At the end of the story, Alex is able to help children who have been lost in the "in between" world of not alive or not dead find their eternal peace, to no be afraid to die. As a person who knows his time is shorter than everyone he knows, by everything from years to days, that is a fear that no matter how much you fight against, you never defeat. It no matter how much you beat it back, there is always a small molecule of it left, waiting to propagate and attack you when you least expect it. I have always envied those that can believe in a religion so much that death, while still a fearful time, has a joyous purpose in the end. But now I sort of understand it now, because The Taken, and to an extent Sarah Pinborough herself, have become Alex at the end of the book for me.

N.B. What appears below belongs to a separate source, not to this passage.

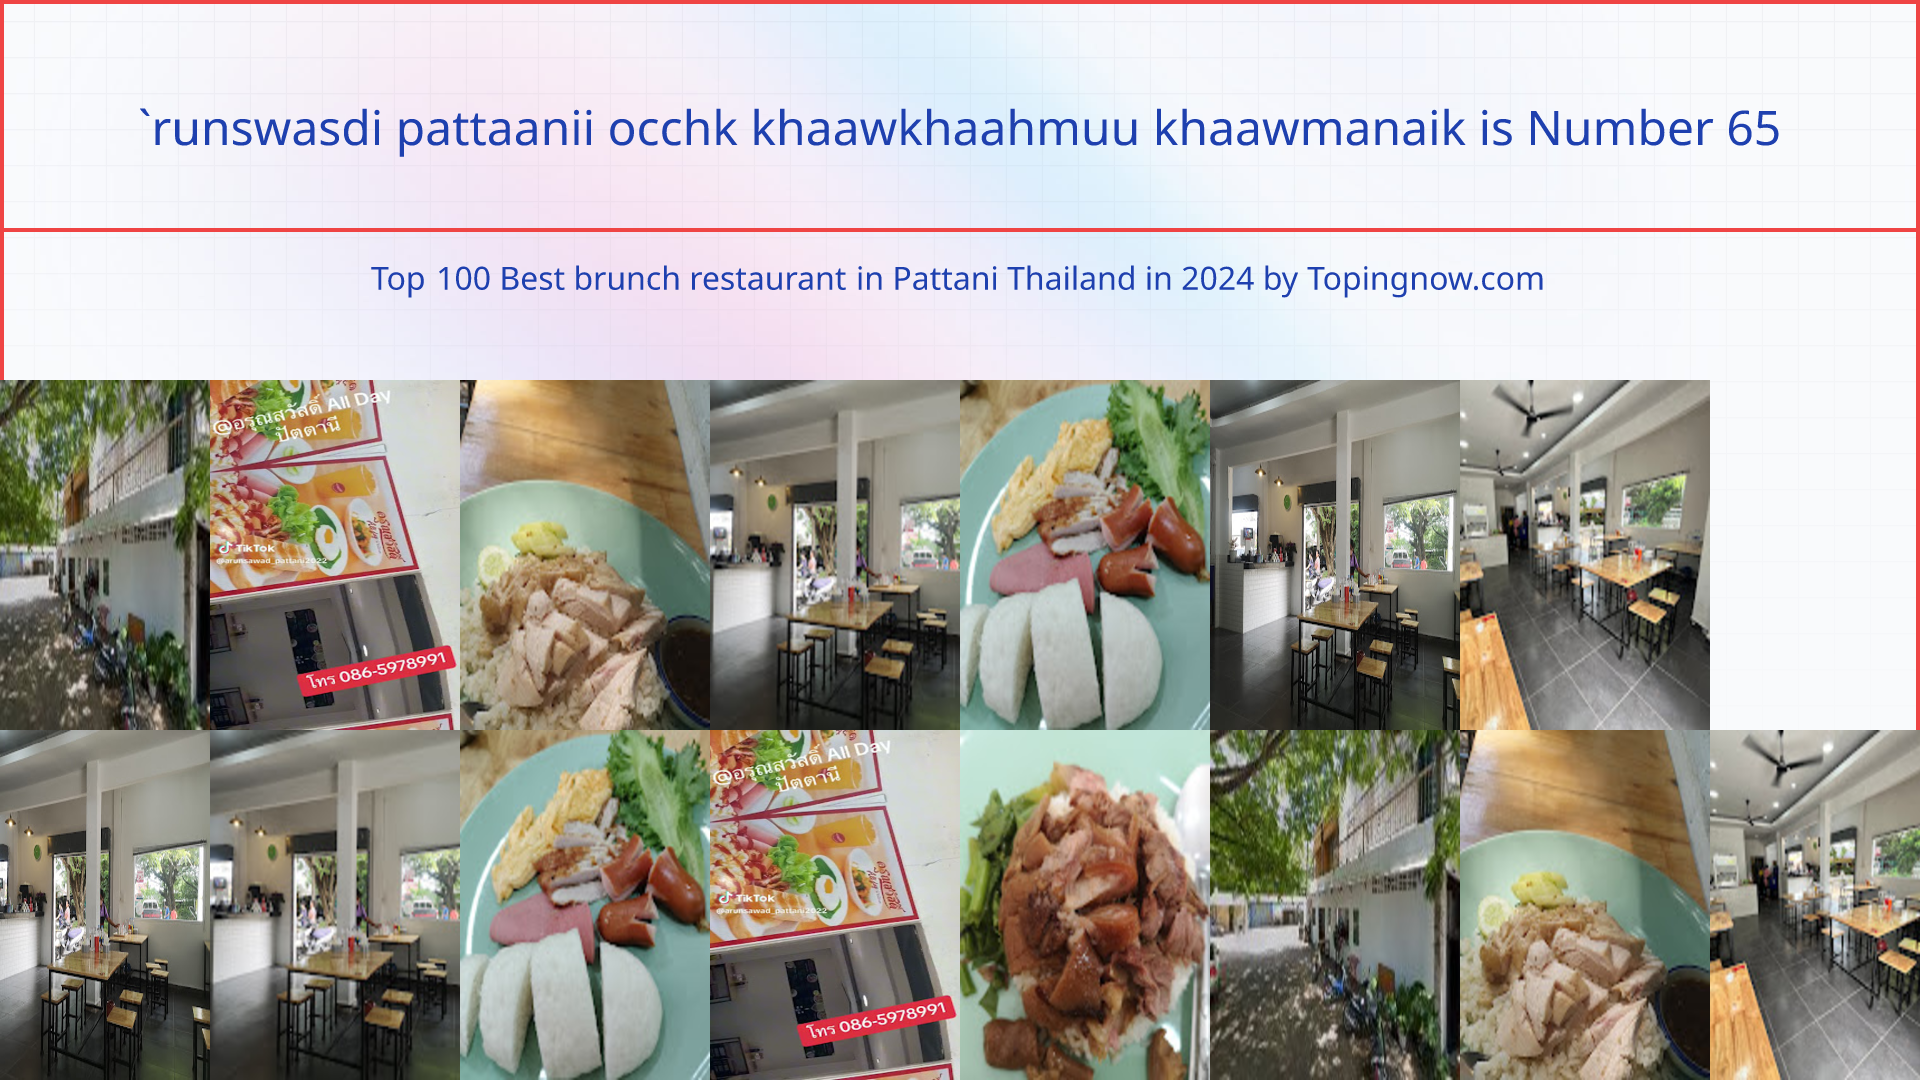 `runswasdi pattaanii occhk khaawkhaahmuu khaawmanaik: Top 100 Best brunch restaurant in Pattani Thailand in 2024

I know that someone understands what I live with and this story has taken some of that fear away for me and for once I can say the words that Alex says in the middle of the story, "I'm alive. Here and now, I'm alive and that's all that matters."
For that I will be eternally grateful I read this book and to Sarah Pinborough for writing it.
This book is an exmplar of horror. Read it. Live in the story. Learn what horror truly is because you won't find many examples as pure as this.